I successfully ran LD pruning from SNPRelate package and obtained the selected SNPs IDs. I would like to create a new GDS file with only the pruned SNPs so I can use it in another software. Codes:
#read in vcf file
vcf.fn <- ""C:/Users/HP/Desktop/Magic_FavoritePanel_VCF_SNPs.vcf"
# reformat to create gds file
snpgdsVCF2GDS(vcf.fn, "panelReformat.gds", method="biallelic.only")
snpgdsSummary("panelReformat.gds")
#open the GDS file
genofile <- snpgdsOpen("panelReformat.gds")

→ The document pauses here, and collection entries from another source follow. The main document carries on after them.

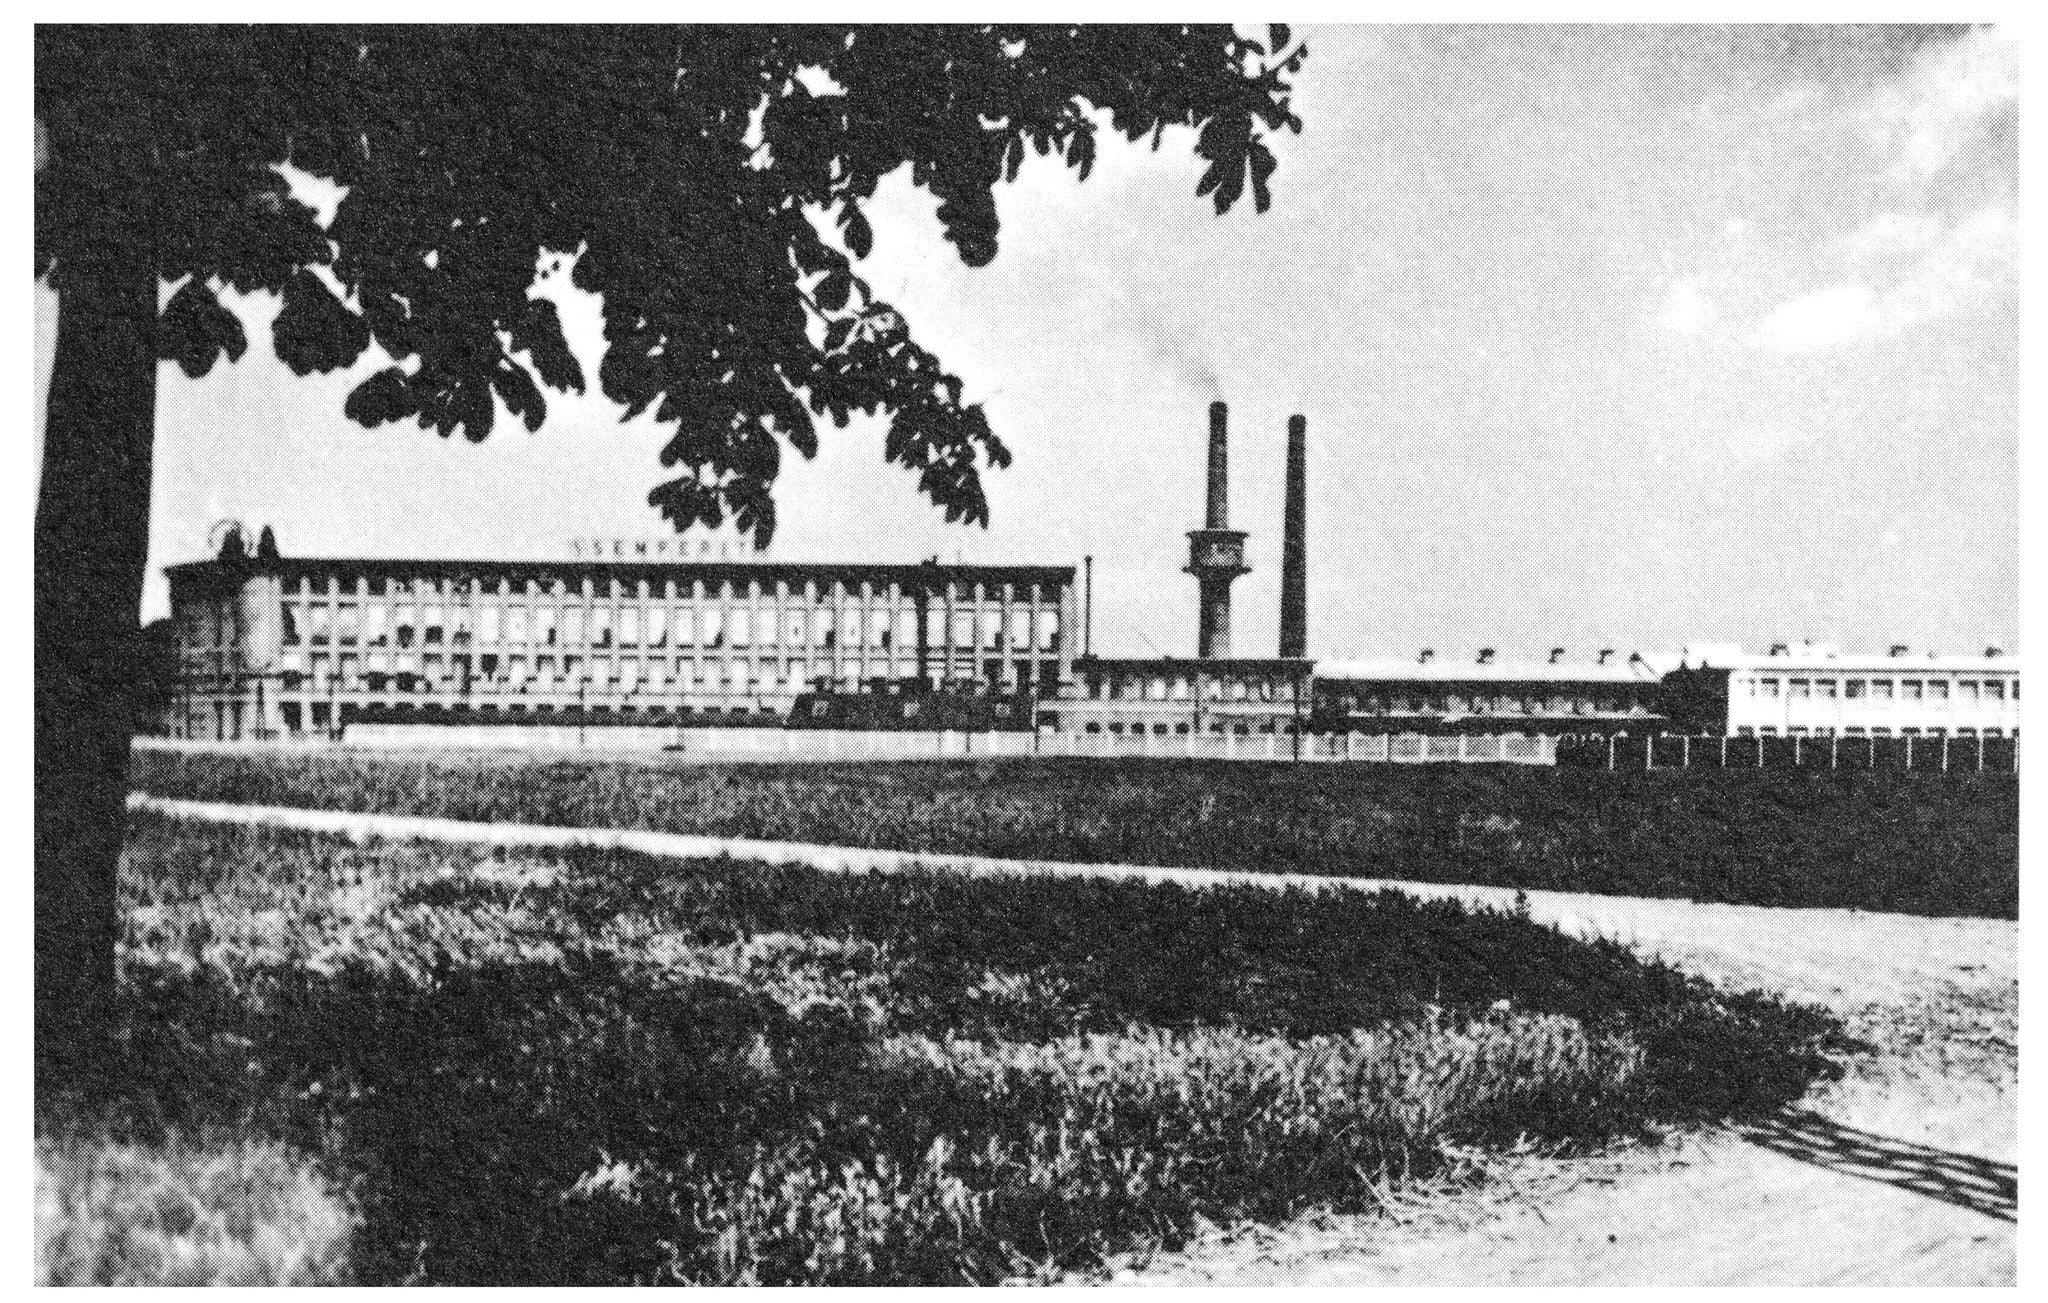 Semperit Factory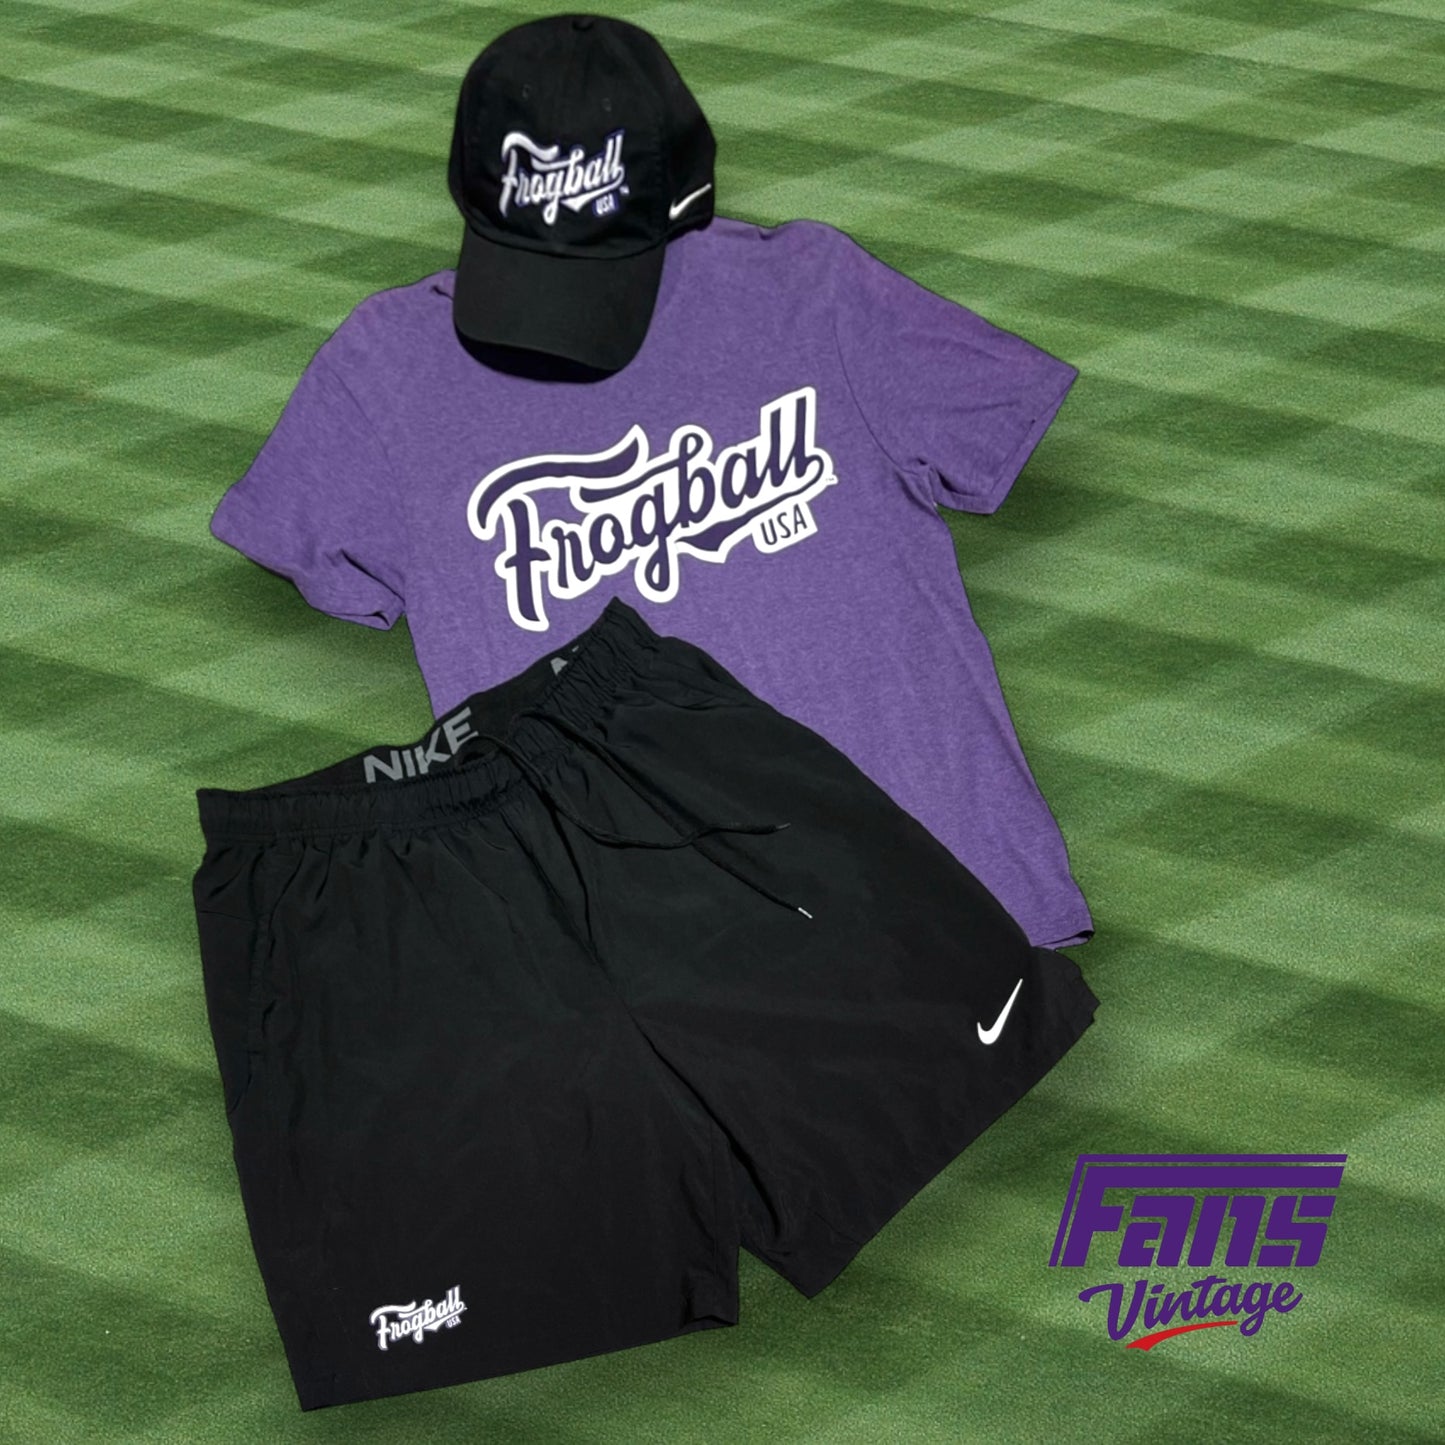 TCU Baseball player-issue “Frogball” Nike workout shorts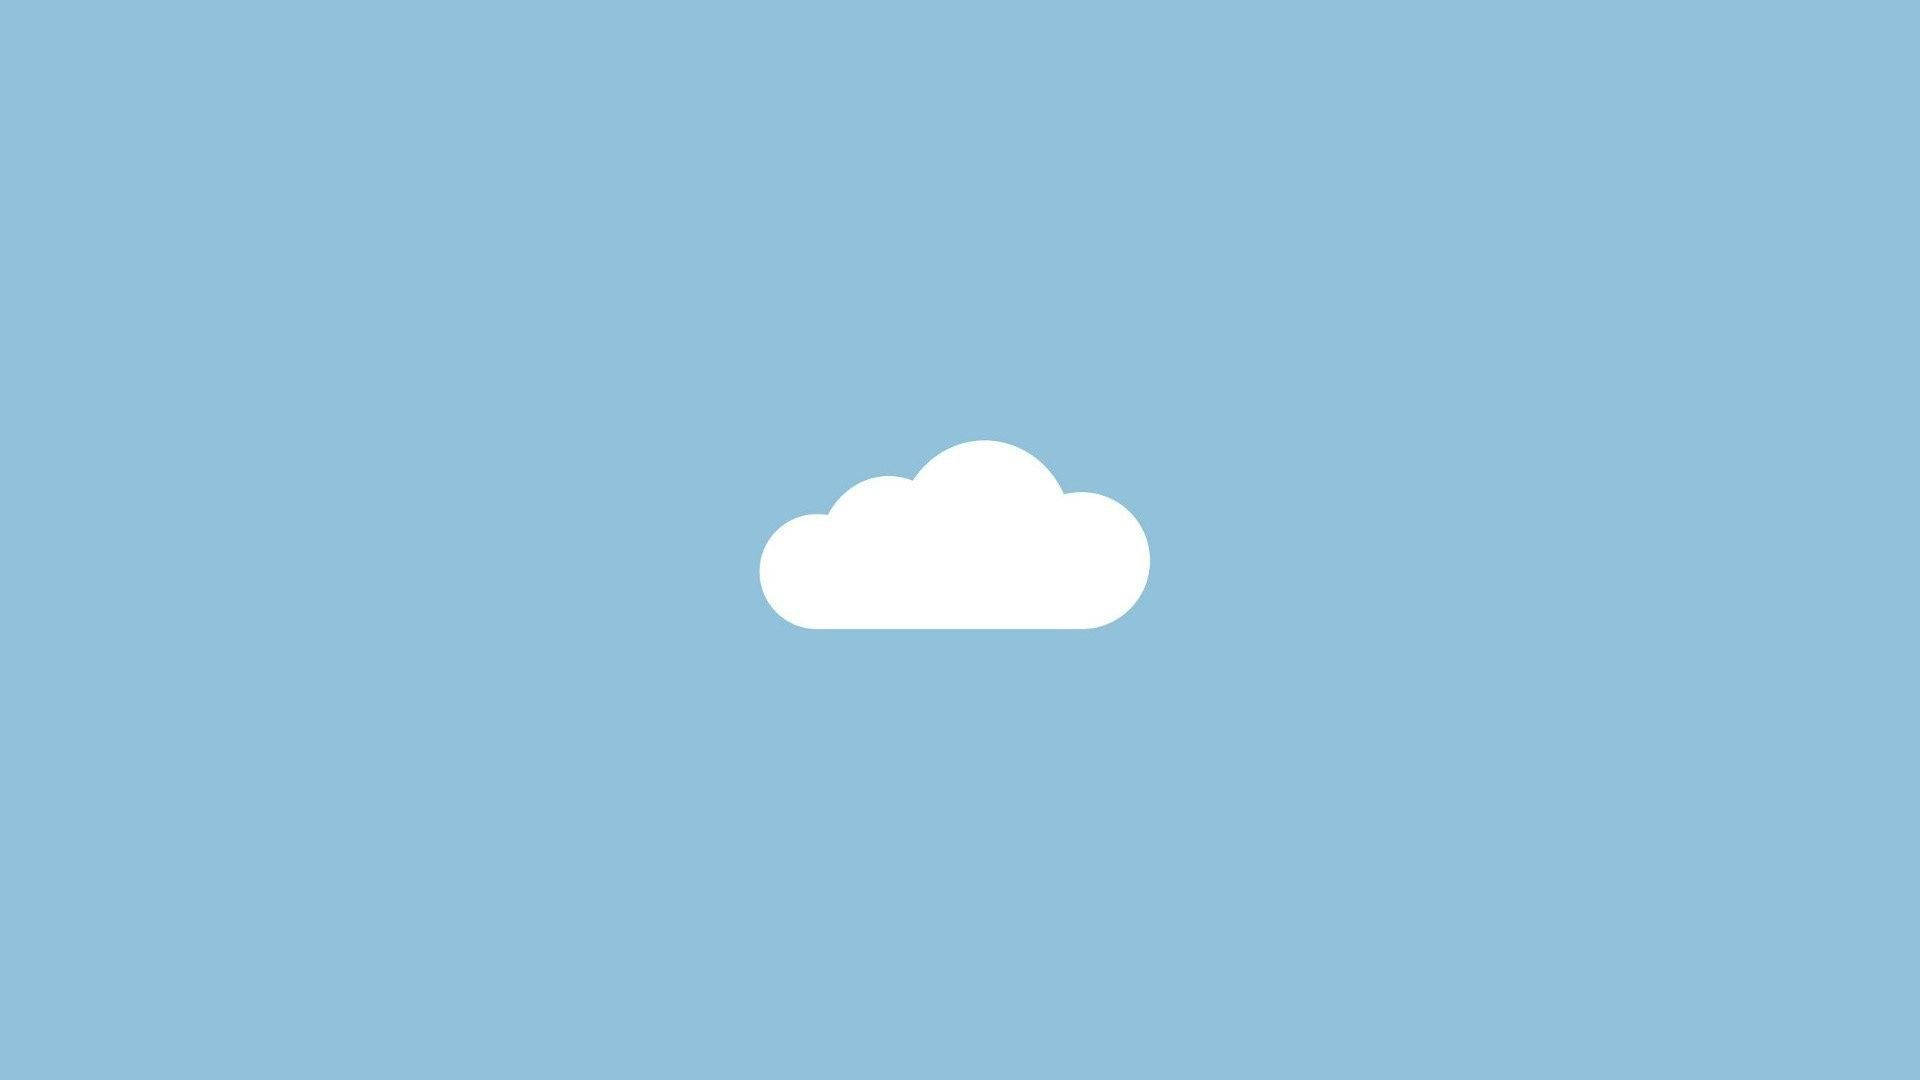 Cloud In A Baby Blue Sky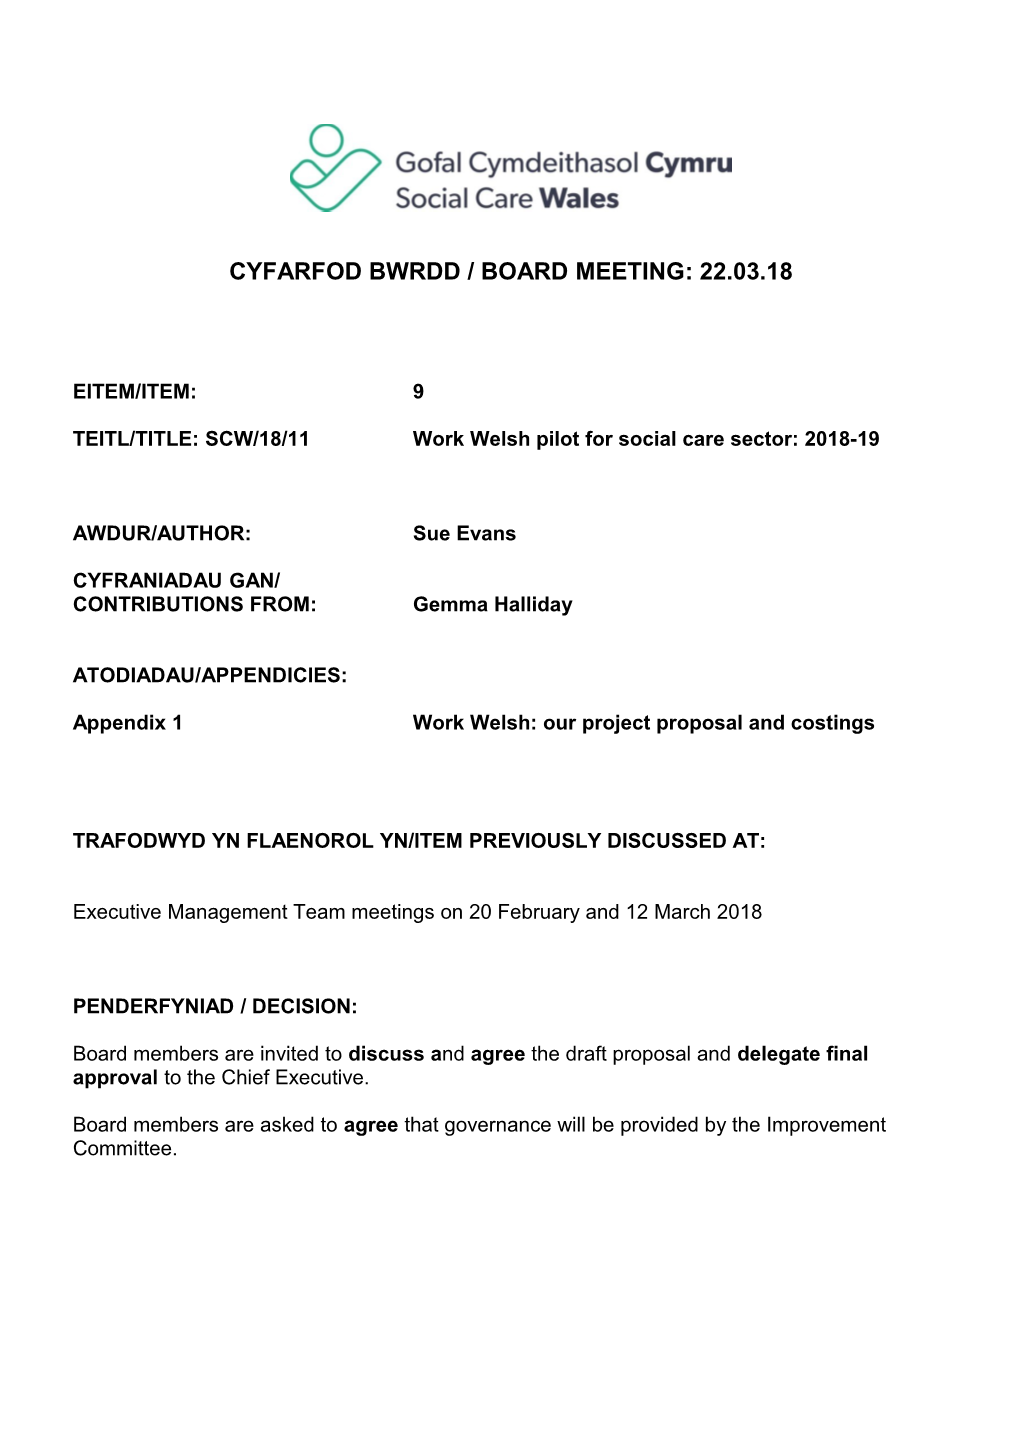 Cyfarfod Bwrdd / Board Meeting: 22.03.18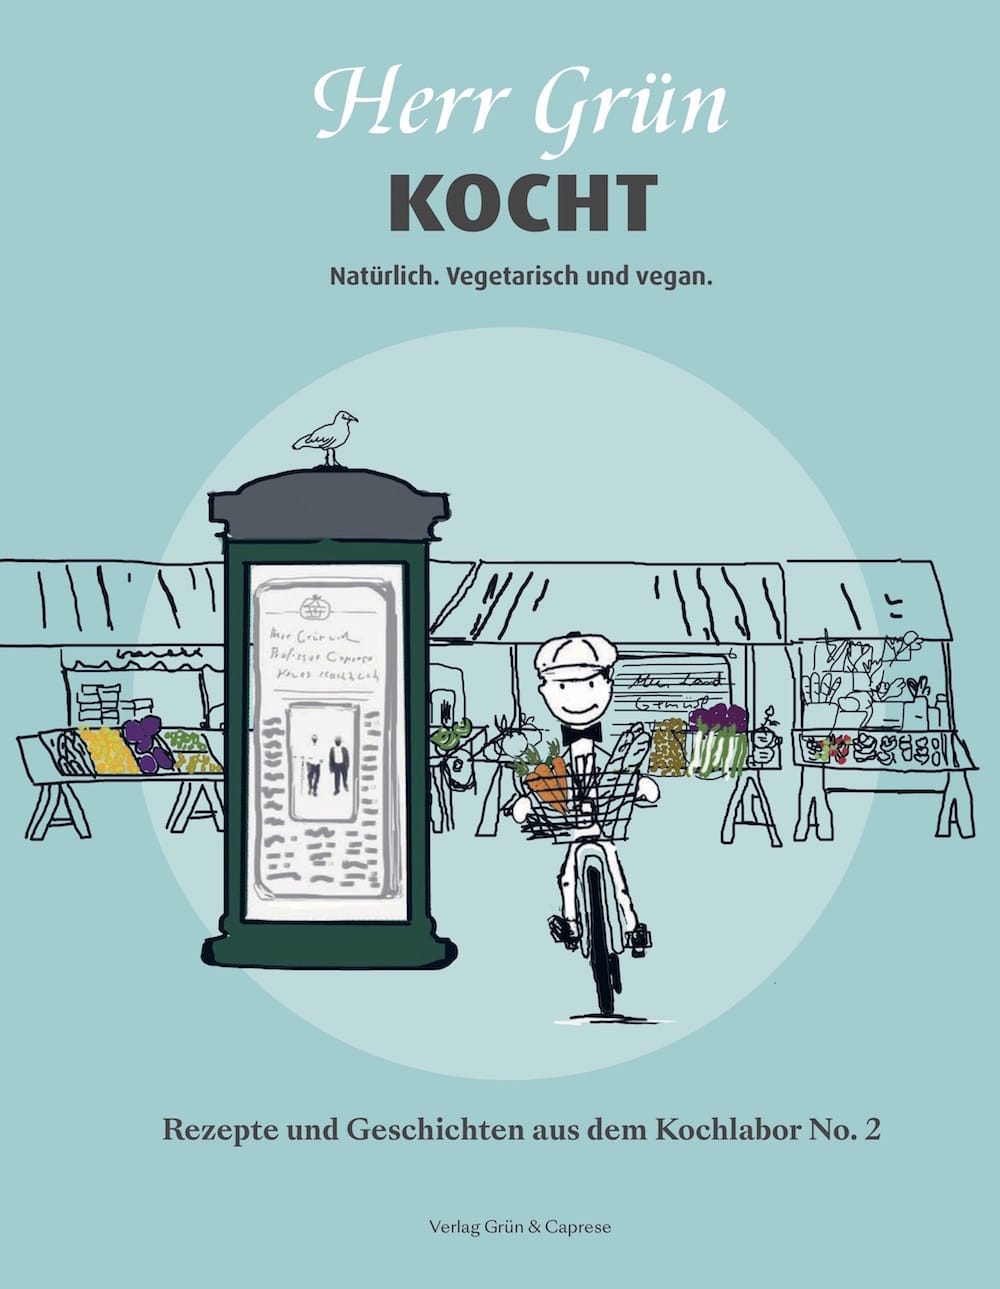 Cover des neuen Buchs von "Herr Grün kocht" mit einer Illustration, auf der ein Radfahrer in seinem Korb frische Zutaten vom Markt nach Hause fährt.

#Perfom LD-based SNP pruning
set.seed(1000)
snpset <- snpgdsLDpruning(genofile, ld.threshold=0.2)
names(snpset)
# Final output, get all selected snp id
snpset.id <- unlist(snpset)
Now, snpset.id
is not a complete dataset; how do I extract from the original GDS file only the data set related to the selected SNP IDs and save it as GDS file? With this, I can play with the data in many ways; I can convert it back to VCF and analyze it in Tassel or STRUCTURE.
Thank you in advance
You could subset your VCF
C:/Users/HP/Desktop/Magic_FavoritePanel_VCF_SNPs.vcf
to the SNPs you store insnpset.id
and then create the GDS again if you don't want to follow what James suggested.